Cloudbees is built on this philosophy of increase. According to Ahmed, AI manages the recognition of models and repetitive tasks while humans make decisions on strategic issues. Their DevSecops solution demonstrates this approach using AI to identify security vulnerabilities while preserving human authority on correction strategies. Cloudbees’ value flow analysis uses AI to identify the ineffectiveness of the workflow while leaving decisions to improve processes to teams that include the organizational context.
Make the hero of your Dev Story application
Here are five critical success factors that determine if AI becomes a hero or an anti-hero for you:
- First target high altitude activities. Successful implementations begin with well -defined repetitive tasks where AI can offer immediate value. Cloudbees’ recommended targets include the generation of tests, optimization of pipelines and code magazines, including areas where AI can considerably reduce manual effort.

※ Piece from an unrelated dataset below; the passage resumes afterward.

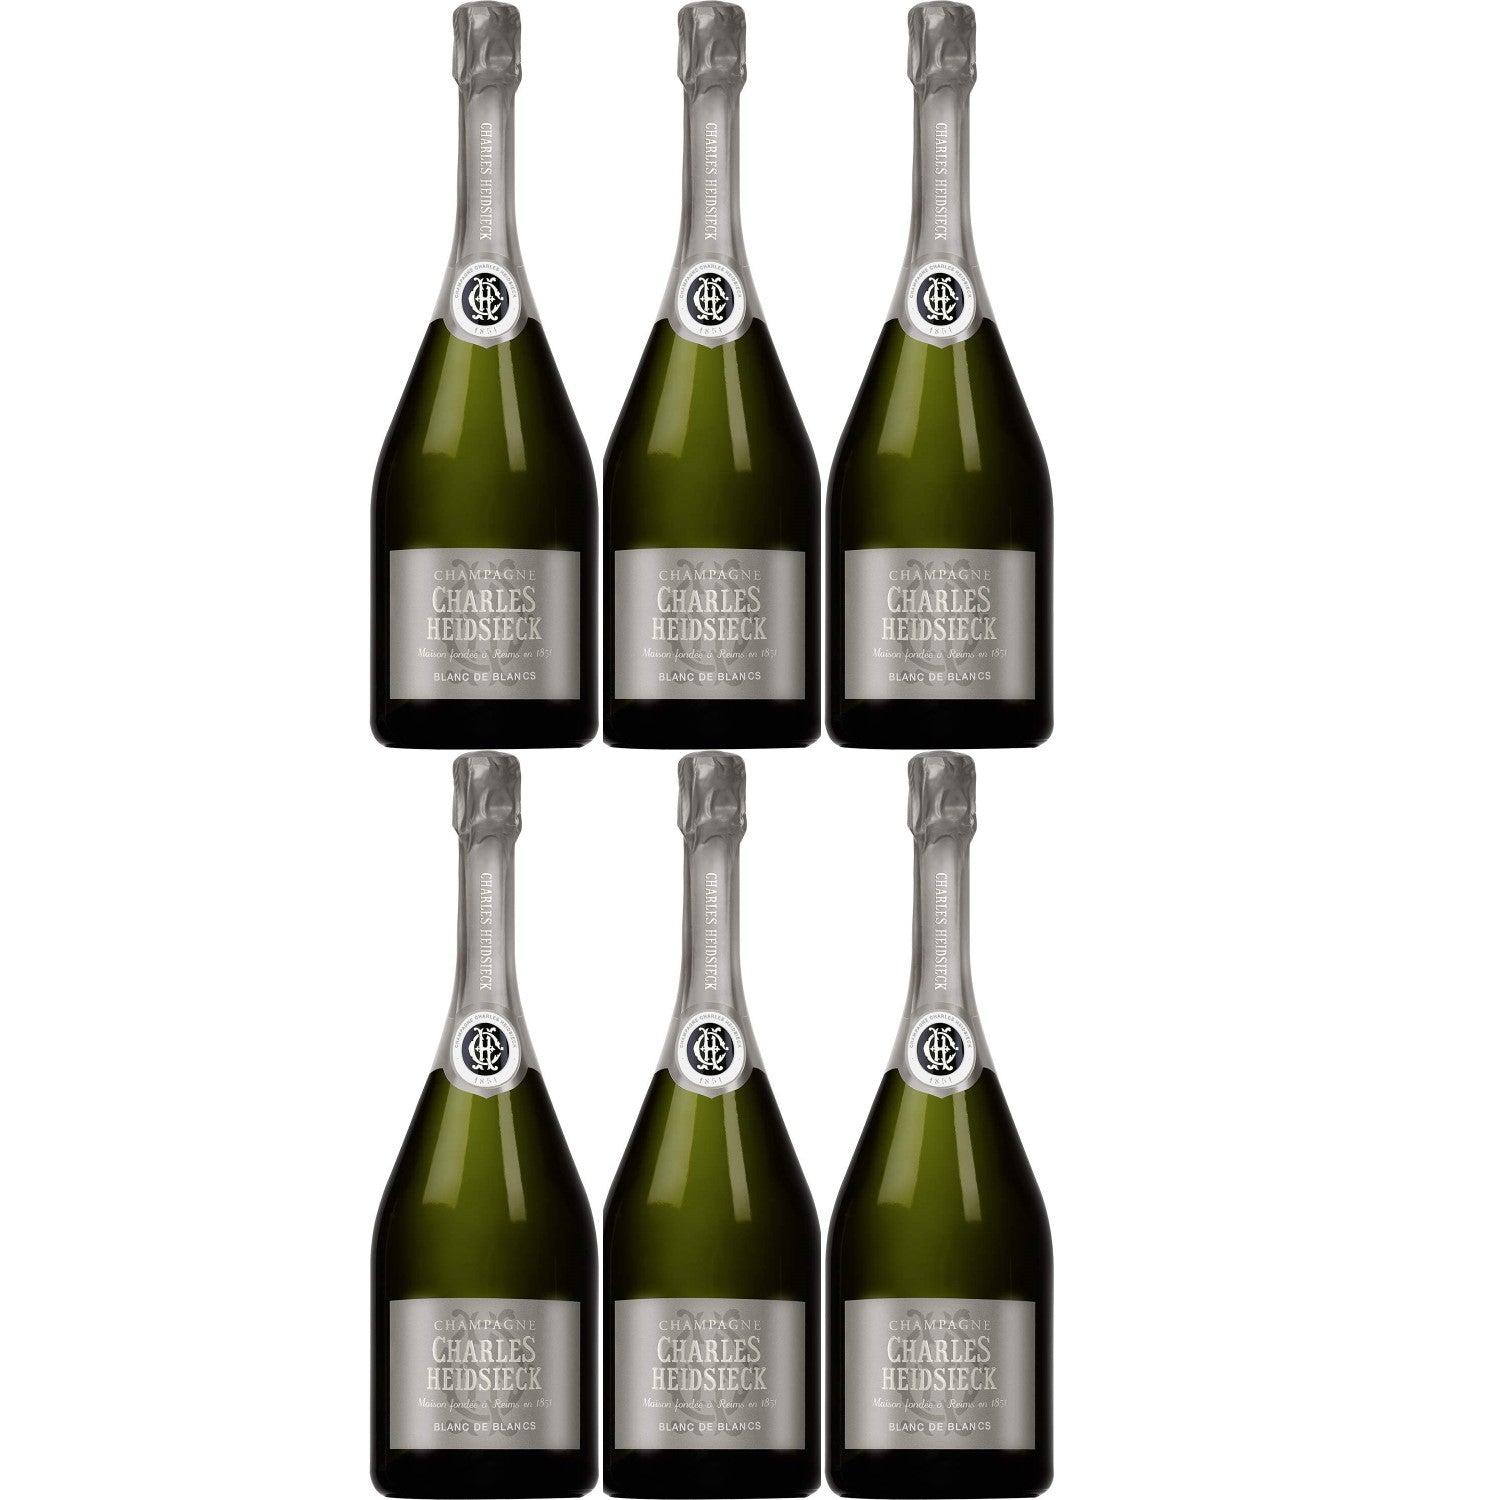 Charles Heidsieck Blanc de Blancs Champagne Champagner Schaumwein Frankreich (6 x 0.75l) - Versanel -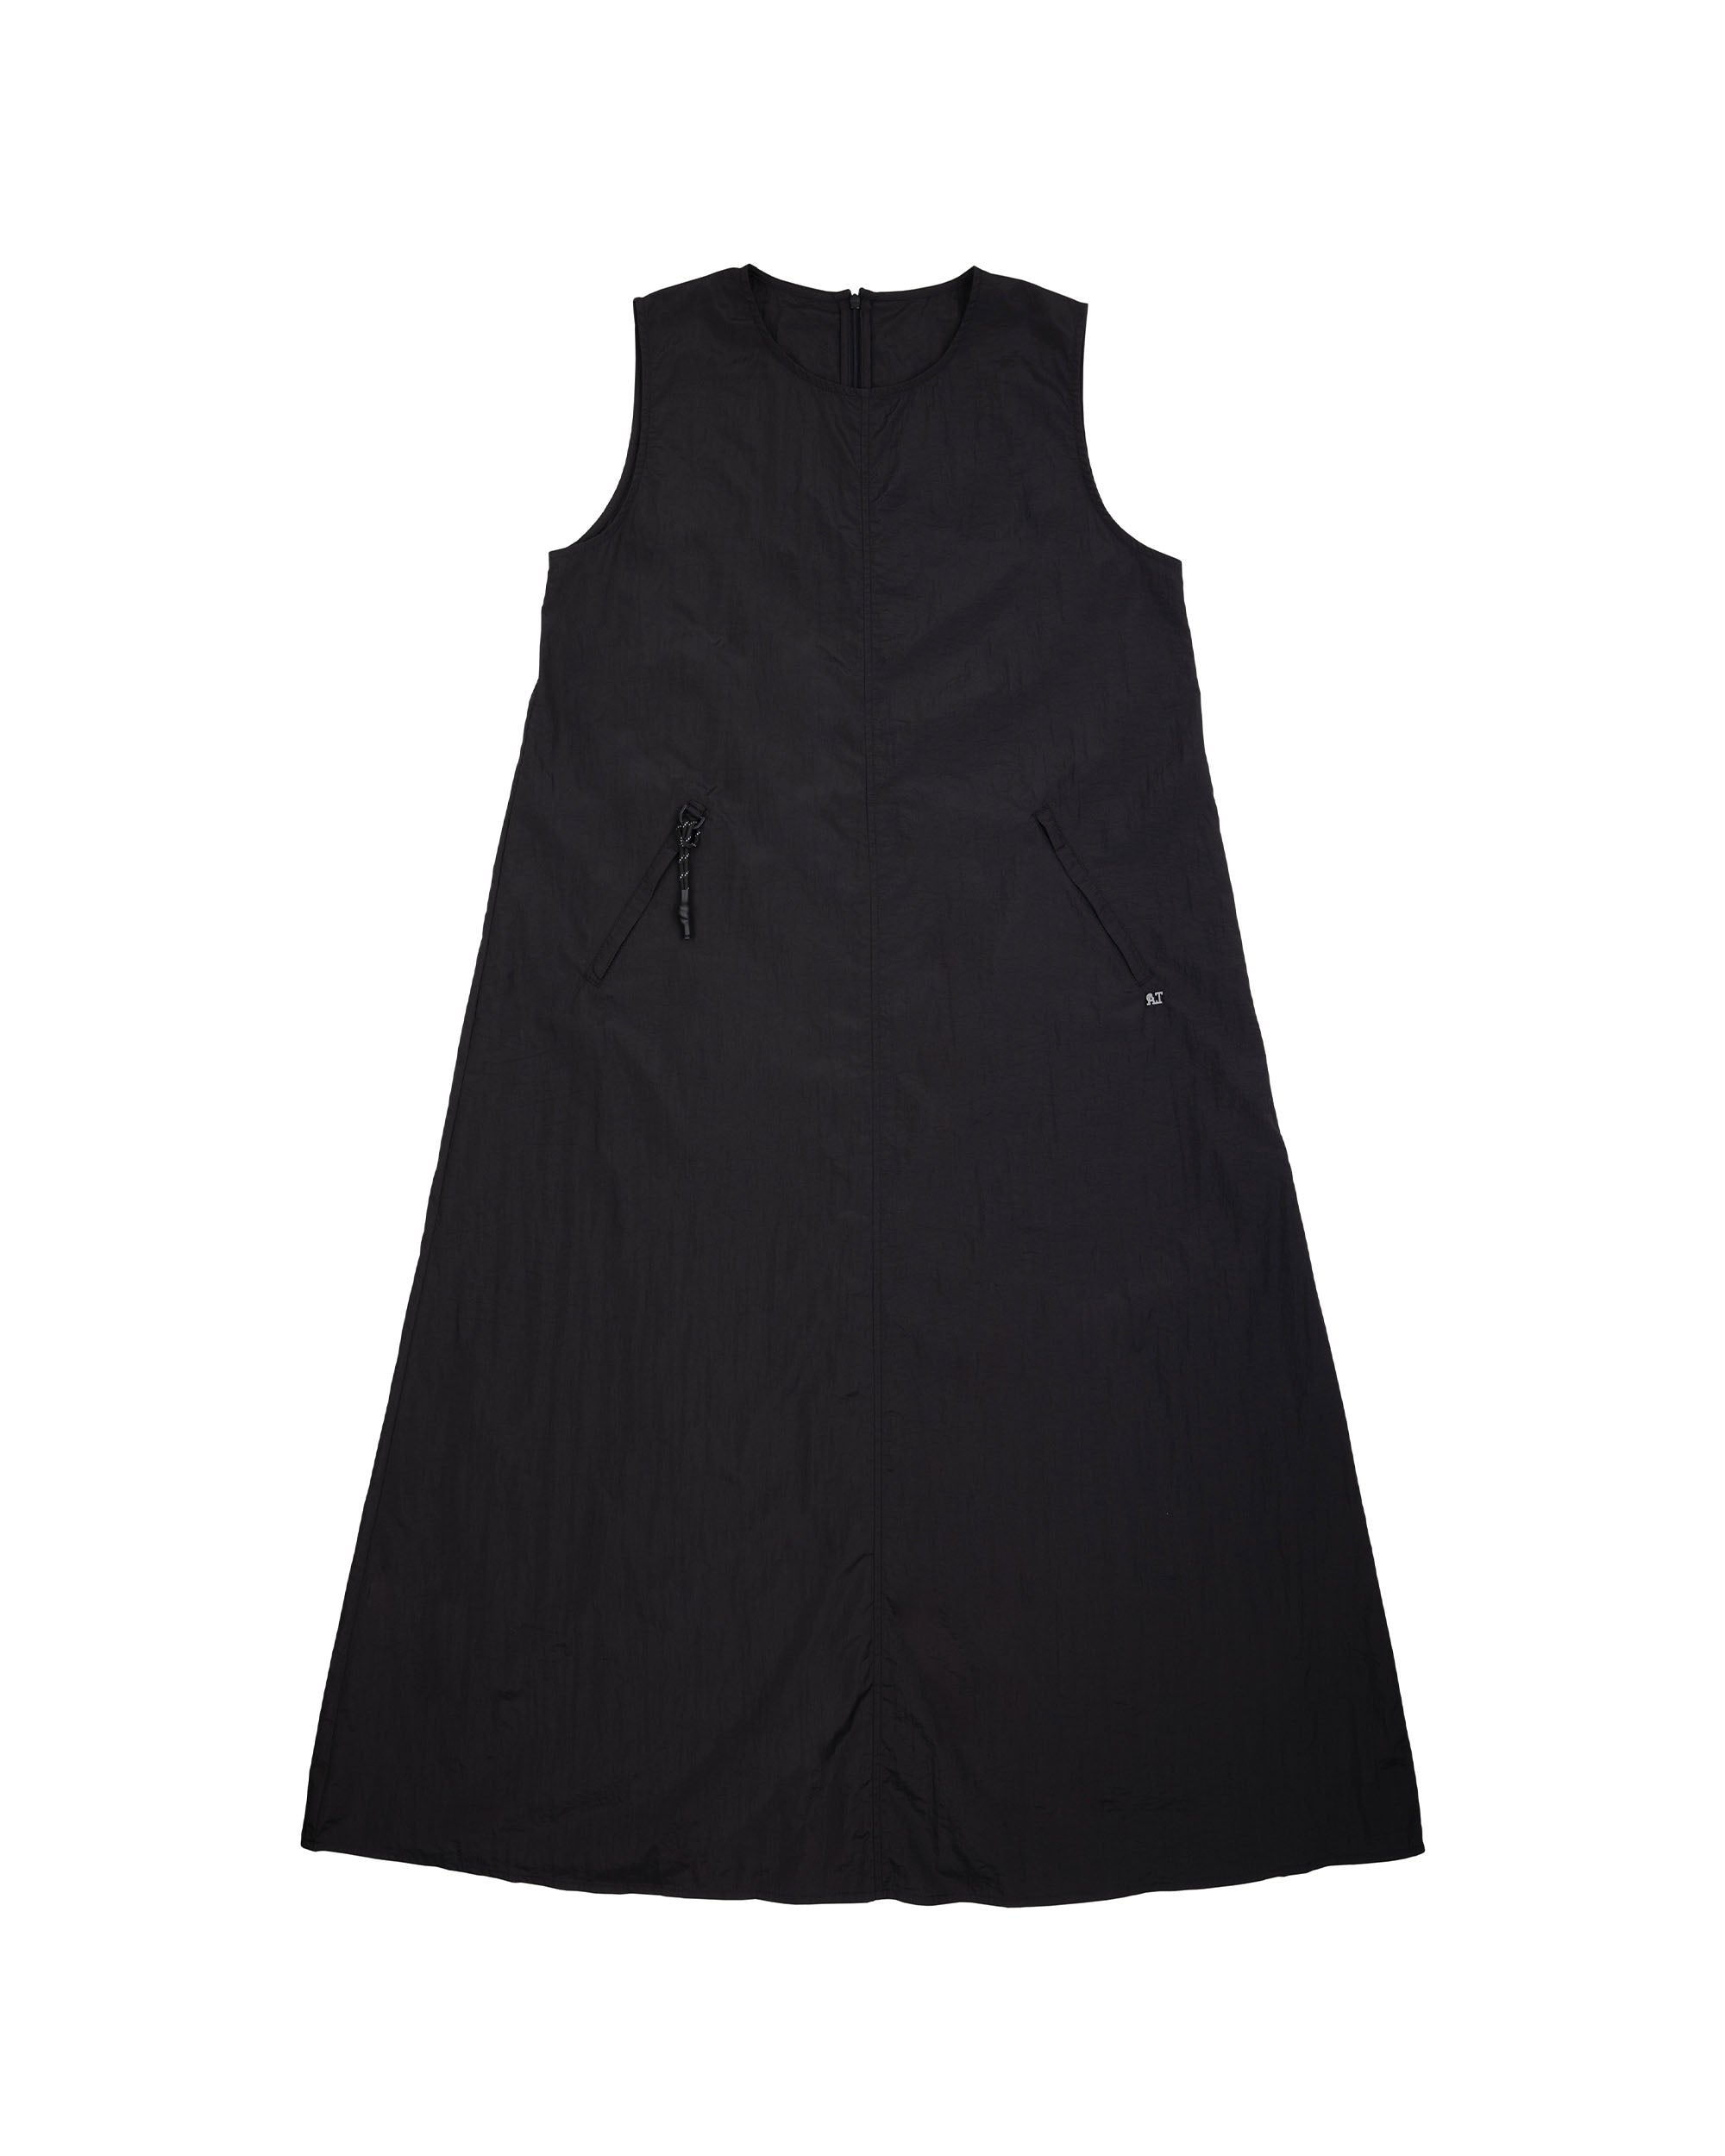 A.T OUTDOOR Nylon Zip Pocket Sleeveless Dress

- Establish governance first, deploy the second AI. Organizations seeing positive results implement governance executives before the generalized AI adoption, the definition, for example, the appropriate use cases, the verification requirements or the clear limits for the autonomy of the AI.
- Invest in the education of developers. Unlike certain stories, AI’s success requires more qualified developers. The most efficient organizations invest in training programs that help developers understand the capacities and limitations of AI.
- Integrate rather than isolate. Rather than adopting unlocked ad hoc solutions, effective organizations implement AI capabilities that integrate throughout their delivery pipeline. The CloudBees platform adopts this approach, connecting AI’s capacities from the analysis of requirements through production monitoring.
- Measure the significant results. The most effective implementations have exceeded the measurement of code generation measures. Instead, they focus on quality improvements, improvements in safety postures and commercial impact indicators that reflect the true value of AI adoption.
AI is your enthusiastic partner, not your replacement
The AI successful implementations in App Device seem to share the common characteristic of using it as a complementary force rather than replacement. AI is suitable for banal and repetitive tasks that drain motivation and attention among developers and increase their work. It allows humans to focus on innovation, customer experience and, ultimately, commercial value.
According to Ahmed, Cloudbees plans a future where AI becomes more and more personalized for individual developers. He predicts that within two years, developers will probably work with several AI companions adapted to their specific preferences and their specific work styles. This aspect of personalization represents an important evolution beyond the more standardized AI tools today.
A particularly remarkable perspective that I obtained from research and discussions on sellers is the relationship between the adoption of AI and the team scale. While some organizations initially address AI to reduce the workforce, the data suggests the opposite effect. As Ahmed noted in our discussion, the most effective approach is not to use AI to reduce a team of 10 people to 5, but rather by taking advantage of AI to help this team of 10 people to achieve what would have previously had 15 people. This is the proactive perspective and creation of companies “on a scale, and not to lower” which can help to propel an organization to its objectives.
I concluded that today, the hero of software development is not AI. Not alone, but it is no longer a purely human expertise either. The real hero is the partnership between them, working in concert to create results, neither could achieve independently.